22 Aug A man should economize his strength even when he is young. (ARTHUR SCHOPENHAUER)
Up to our thirty-sixth year, we may be compared, in respect of the way in which we use our vital energy, to people who live on the interest of their money: what they spend to-day, they have again to-morrow. But from the age of thirty-six onwards, our position is like that of the investor who begins to entrench upon his capital. At first he hardly notices any difference at all, as the greater part of his expenses is covered by the interest of his securities; and if the deficit is but slight, he pays no attention to it. But the deficit goes on increasing, until he awakes to the fact that it is becoming more serious every day: his position becomes less and less secure, and he feels himself growing poorer and poorer, while he has no expectation of this drain upon his resources coming to an end.

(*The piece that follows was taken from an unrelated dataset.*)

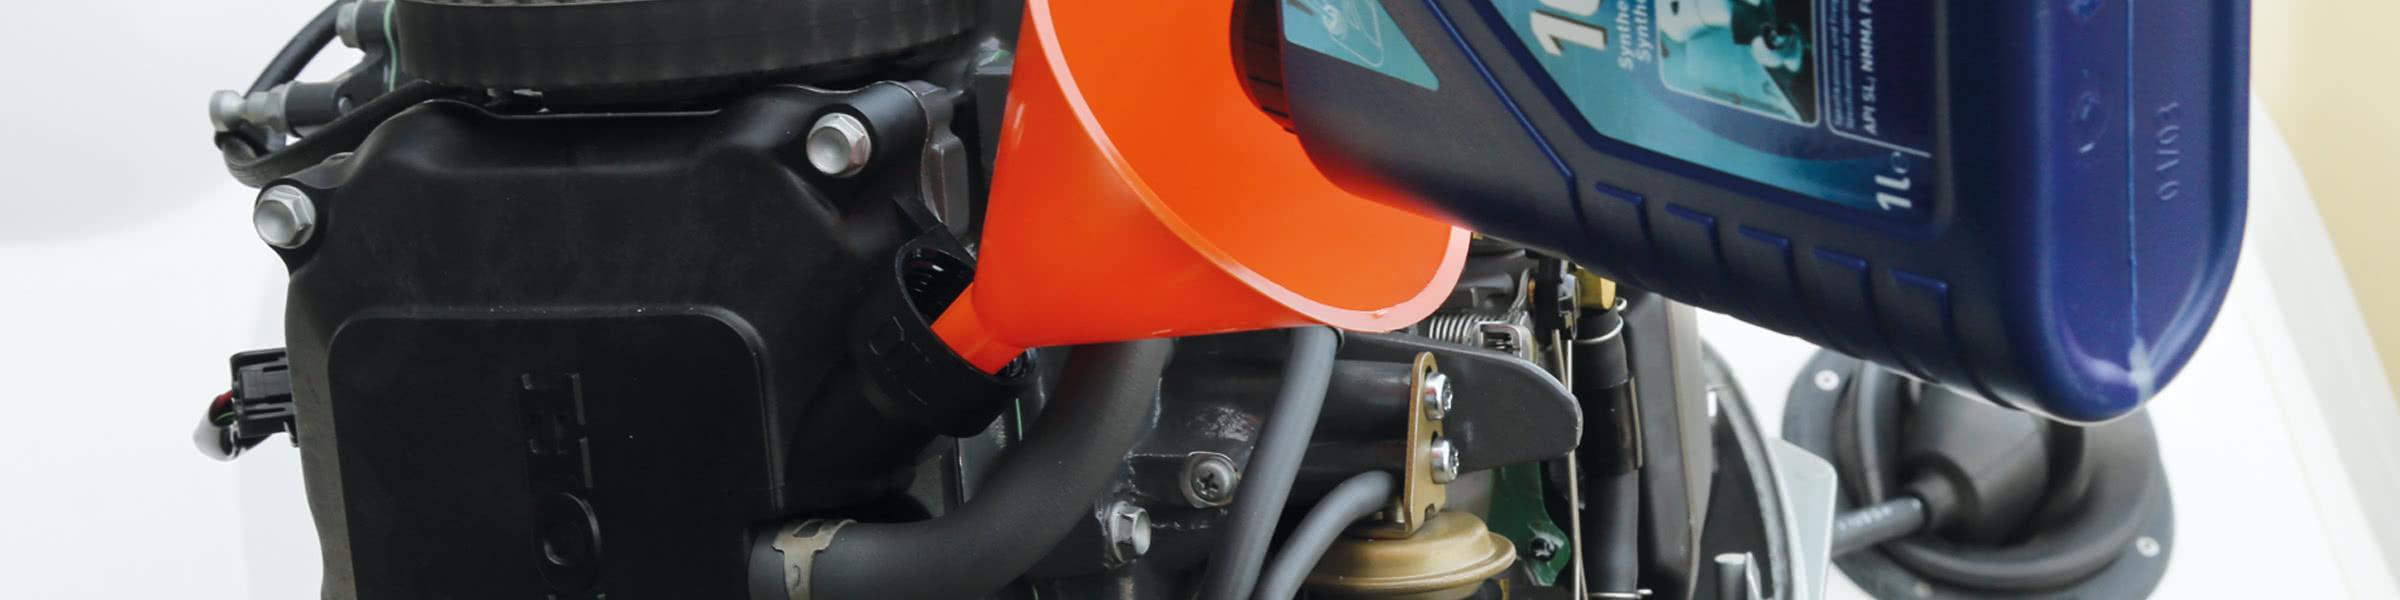 Aceite de motor 15W-40 de LIQUI MOLY

His fall from wealth to poverty becomes faster every moment — like the fall of a solid body in space, until at last he has absolutely nothing left. A man is truly in a woeful plight if both the terms of this comparison — his vital energy and his wealth — really begin to melt away at one and the same time. It is the dread of this calamity that makes love of possession increase with age. On the other hand, at the beginning of life, in the years before we attain majority, and for some little time afterwards — the state of our vital energy puts us on a level with those who each year lay by a part of their interest and add it to their capital: in other words, not only does their interest come in regularly, but the capital is constantly receiving additions. This happy condition of affairs is sometimes brought about — with health as with money — under the watchful care of some honest guardian. O happy youth, and sad old age! Nevertheless, a man should economize his strength even when he is young.